Client certificates can be configured for each tool in the Denodo Platform. To obtain a certificate the java utility called keytool must be used. This utility is included with the Denodo Platform in the internal Java Runtime Environment. Keytool manages databases of public/private key pairs, used to allow clients to access the server. This database is called KeyStore .
Keytool can also manage databases (TrustStores) that contain certificates from trusted certification authorities (CA). When an SSL connection is established, the server sends its public key certificate to the client. Then, the client decides if it trusts the server by checking if a trusted certification authority has issued the certificate. A certification authority is trusted if its certificate is included in the TrustStore of the client.

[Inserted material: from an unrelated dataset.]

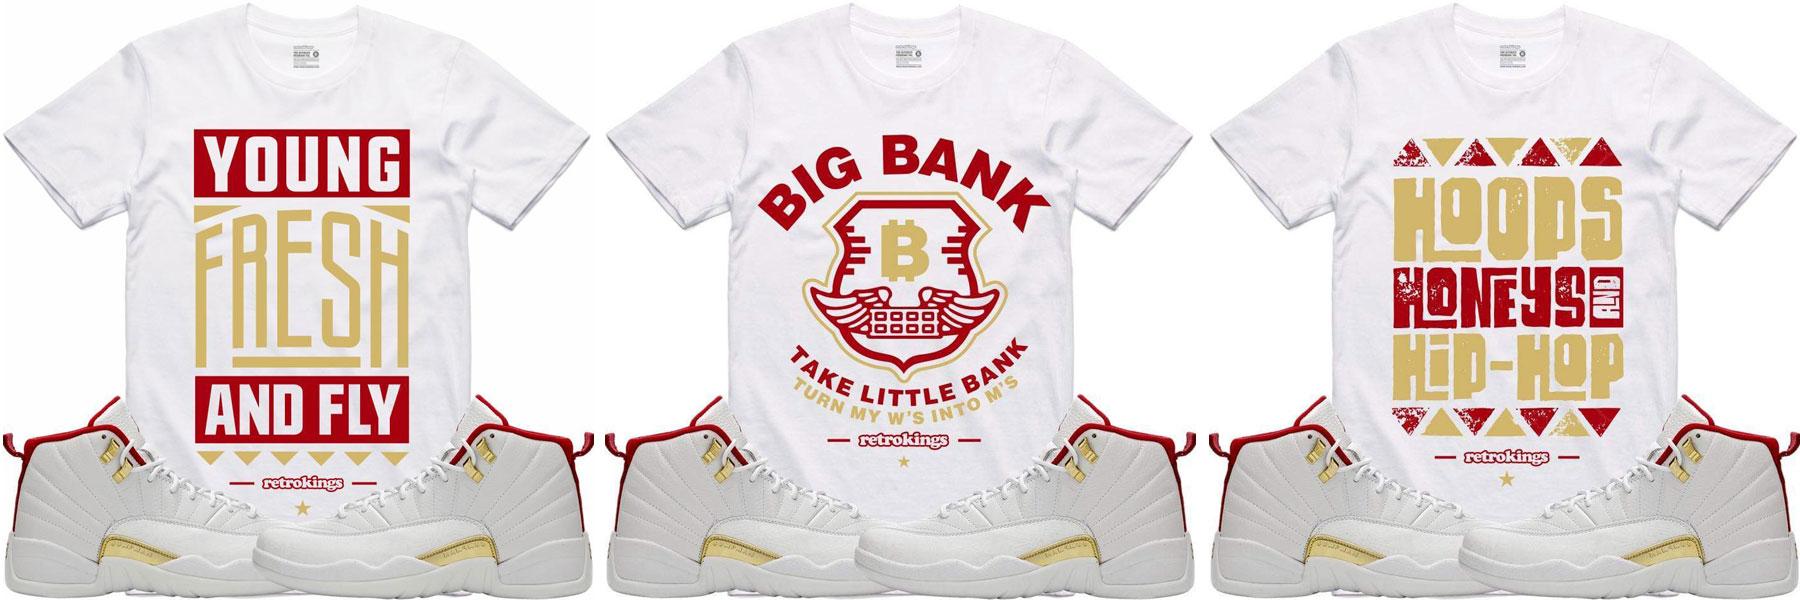 jordan-12-fiba-sneaker-tee-shirts

The easiest way to add a certificate so it is used by all the components of the Denodo Platform is to add it to the JVM used to run the Denodo servers and tools. If using the default embedded JVM the certificate can be added to the cacerts file under <DENODO_HOME>/jre/lib/security/cacerts. To do so, run the following command:
“<DENODO_HOME>/jre/bin/keytool" -keystore <DENODO_HOME>/jre/lib/security/cacerts -importcert -alias serverkey -file serverkey-perm.cer
When prompted to trust this certificate, respond by typing y. In this example serverkey is the alias for the certificate and serverkey-pem.cer is the certificate file.
The password of the trustStore needs to be provided. The default password of the <DENODO_HOME>/jre/lib/security/cacerts trustStore is changeit.
Run the following command to make sure that the certificate has been successfully imported:
“<DENODO_HOME>/jre/bin/keytool" -list -keystore <DENODO_HOME>/jre/lib/security/cacerts
After adding the certificate in this way it will be possible to connect to the remote server using a secure connection.
javax.net.ssl.SSLHandshakeException: sun.security.validator.ValidatorException: PKIX path building failed
This error can be solved by adding the source certificate to the JVM used to run the Denodo servers and tools, as it is described above.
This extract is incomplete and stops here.